$15 minimum wage cleared by L.A. city council

Officials have given final approval to an ordinance that makes Los Angeles the largest city in the U.S. to gradually raise the minimum wage to $15 an hour.
Workers react as the Los Angeles City Council approved a $15 minimum wage by a 13-1 margin in June. On Wednesday, the hike passed a final vote. ( Damian Dovarganes/Associated Press)

Officials have given final approval to an ordinance that makes Los Angeles the largest city in the U.S. to gradually raise the minimum wage to $15 an hour.

The City Council voted 12-1 in favour of the increase Wednesday and forwarded it to Mayor Eric Garcetti. His office says he plans to sign it Saturday.

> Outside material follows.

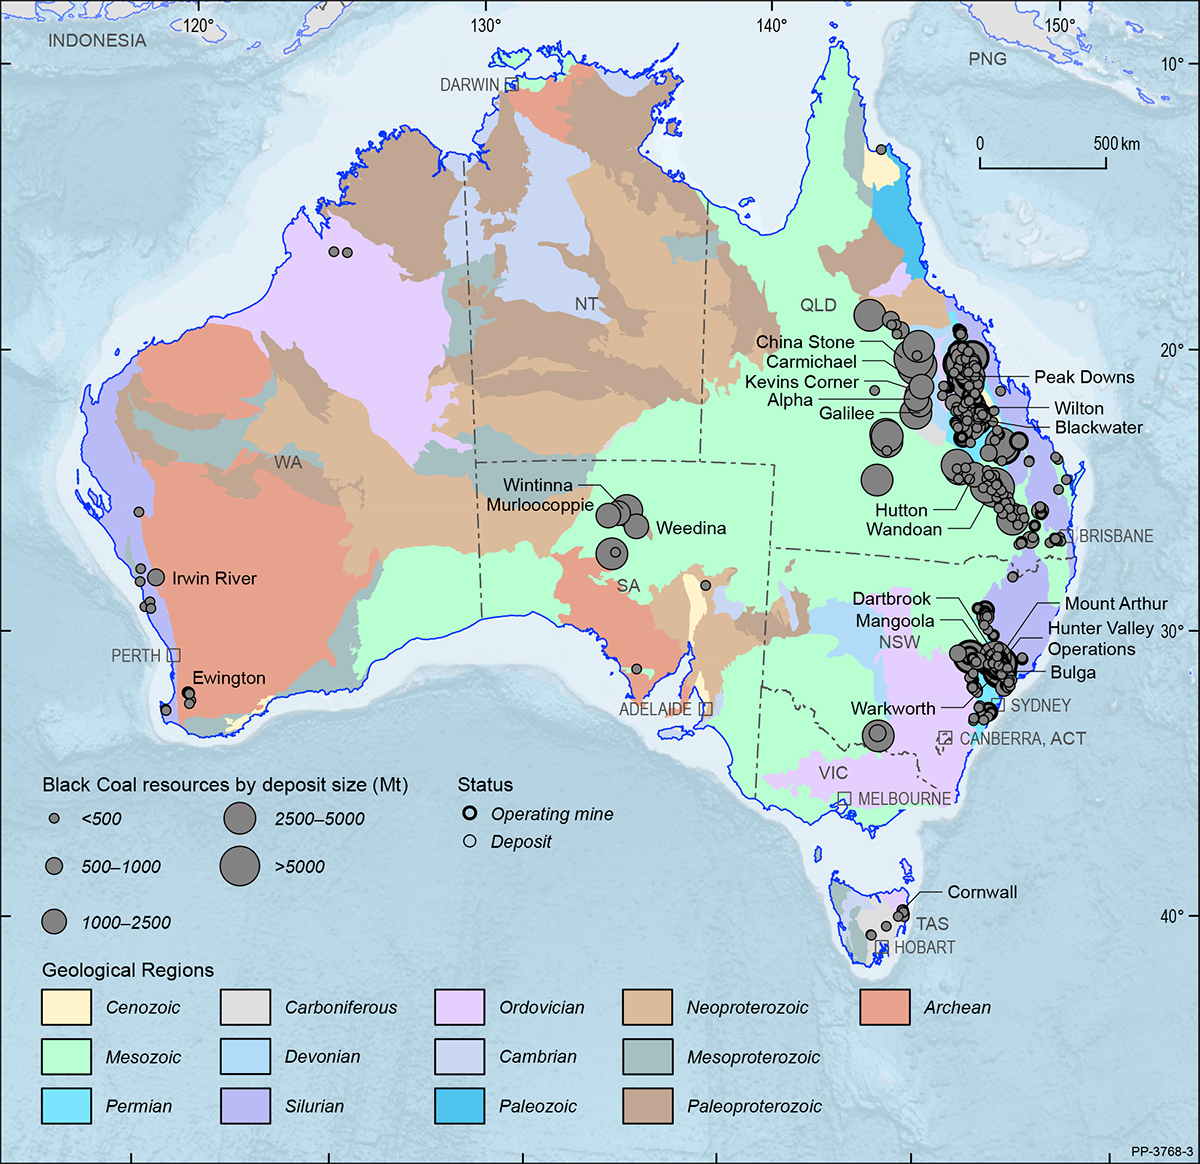 A map showing the Australian continent shaded by the ages of the main geological provinces highlighting the geographical distribution of Australian black coal deposits and operating mines 2019.

The wage hike received lopsided majority votes from the council last week and in May despite complaints from the business community.

The ordinance boosts the wage to $10.50 in July 2016, followed by annual increases to $12, $13.25, $14.25 and $15. Small businesses and certain nonprofits get an extra year to phase in the increases.

Seattle and San Francisco also have passed laws that gradually raise the hourly minimum wage to $15.

Large cities are becoming of aware of a conundrum. They need many service sector workers, who usually make minimum wage, to wait tables, pour coffee and sell clothing within their borders, yet housing is so expensive that most minimum wage workers can no longer afford to live close to where they work.